I refer to your Bloggers with Bite article in Recruiter 16 November, ’Brave or just reckless’. I have a great deal of admiration for anyone who is brave enough to leave behind the security of employed life in search of something better for their own and family’s future.

In the case of Mark Rainsbury your title is apt, in that it’s probably a little bit of both [brave and reckless], however with little guarantees of security either way in the current climate, whether you are employed or new business owner taking control of your own destiny in this manner puts you in control.

I wish you the very best of luck Mark and well done for being brave enough to take that first step to what will hopefully be a very rewarding future.

David Tait, divisional director - financial services division, Core Asset Consulting

Clarification: Hot 100

Here are two clarifications on companies appearing where they did in the Hot 100 (Recruiter 16 November).

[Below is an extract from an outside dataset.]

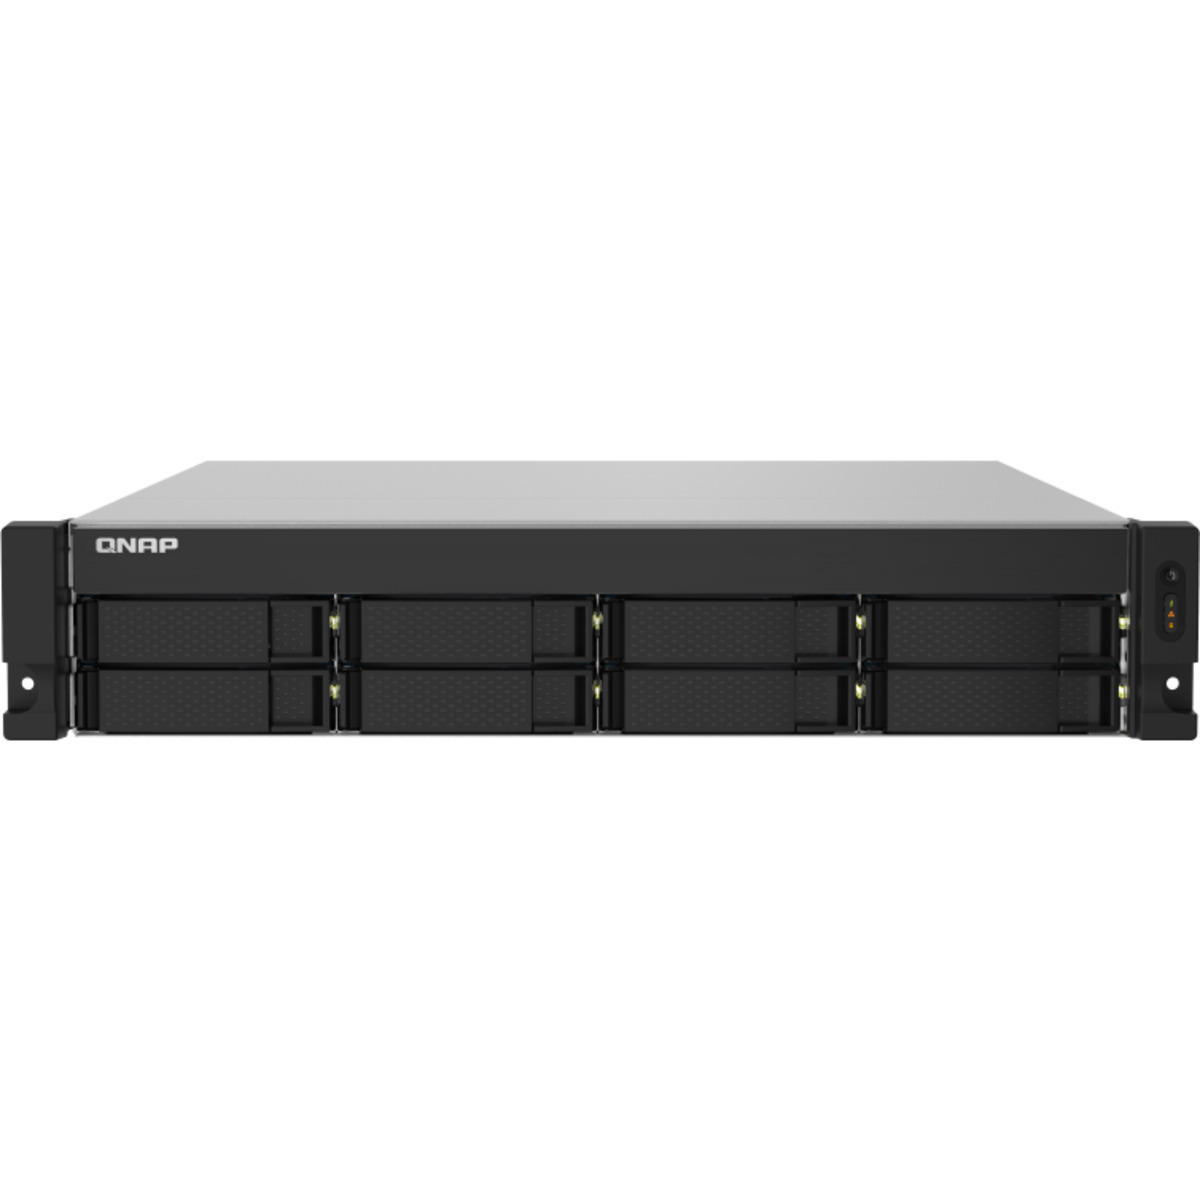 buy QNAP TS-832PXU-RP 64tb RackMount NAS - Network Attached Storage Device 8x8000gb Seagate IronWolf Pro ST8000NT001 3.5 7200rpm SATA 6Gb/s HDD NAS Class Drives Installed - Burn-In Tested - ON SALE - FREE RAM UPGRADE - nas headquarters buy network attached storage server device das new raid-5 free shipping usa spring sale TS-832PXU-RP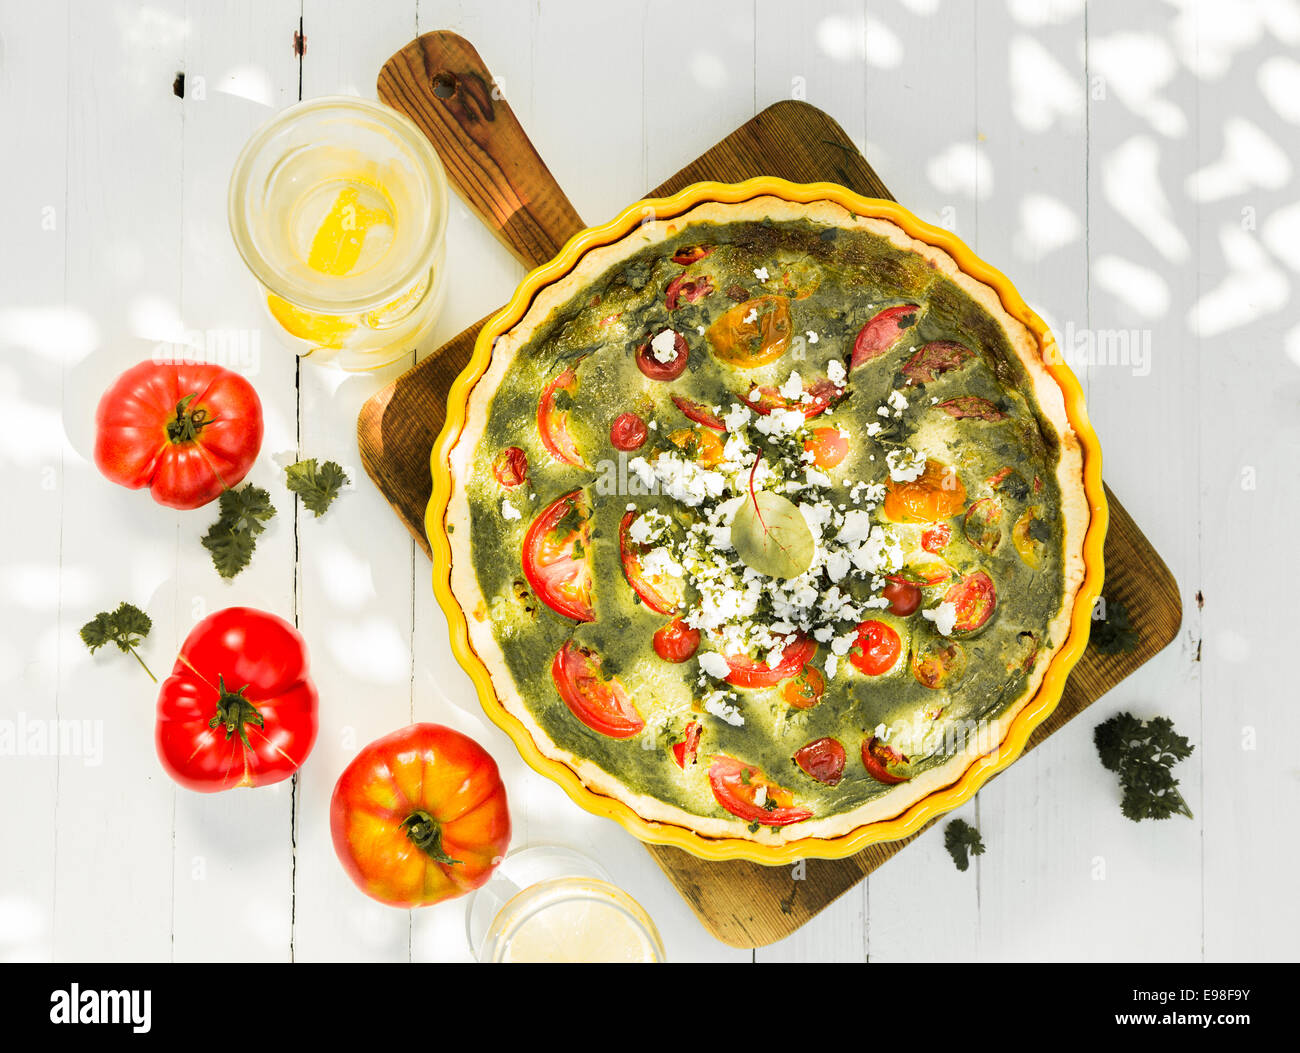 Savory quiche with egg, tomatoes, cheese and herbs viewed from above on a wooden chopping board with fresh tomatoes on a rustic Stock Photo

  • Morgan Law amended figures available: due to the transfer halfway through the year of their whole recruitment business to a new legal entity, not available via industry code searches by the compilers, the figures published in the 2011 Recruiter Hot 100 did not fully describe the full-year performance of the company. The effective results for the year were therefore considerably understated. Combining the two sets of filed accounts to cover both halves of the year, Morgan Law’s effective 12-month Gross Profit for the latest year was £7.8m, the number of employees was 48 with the Gross Profit per Employee at £161,920. This would have ranked Morgan Law 4th in the 2011 Hot 100 list and 1st among the Hot 10 public sector recruiters.
  • Eden Brown figures included, unknowingly, some staff on contract to clients. Excluding these staff and only using in-house headcount the Gross Profit per Employee calculates at £113,533 ranking the company 29th in the Hot 100 2011 and 3rd in the Hot 10 public sector recruiters.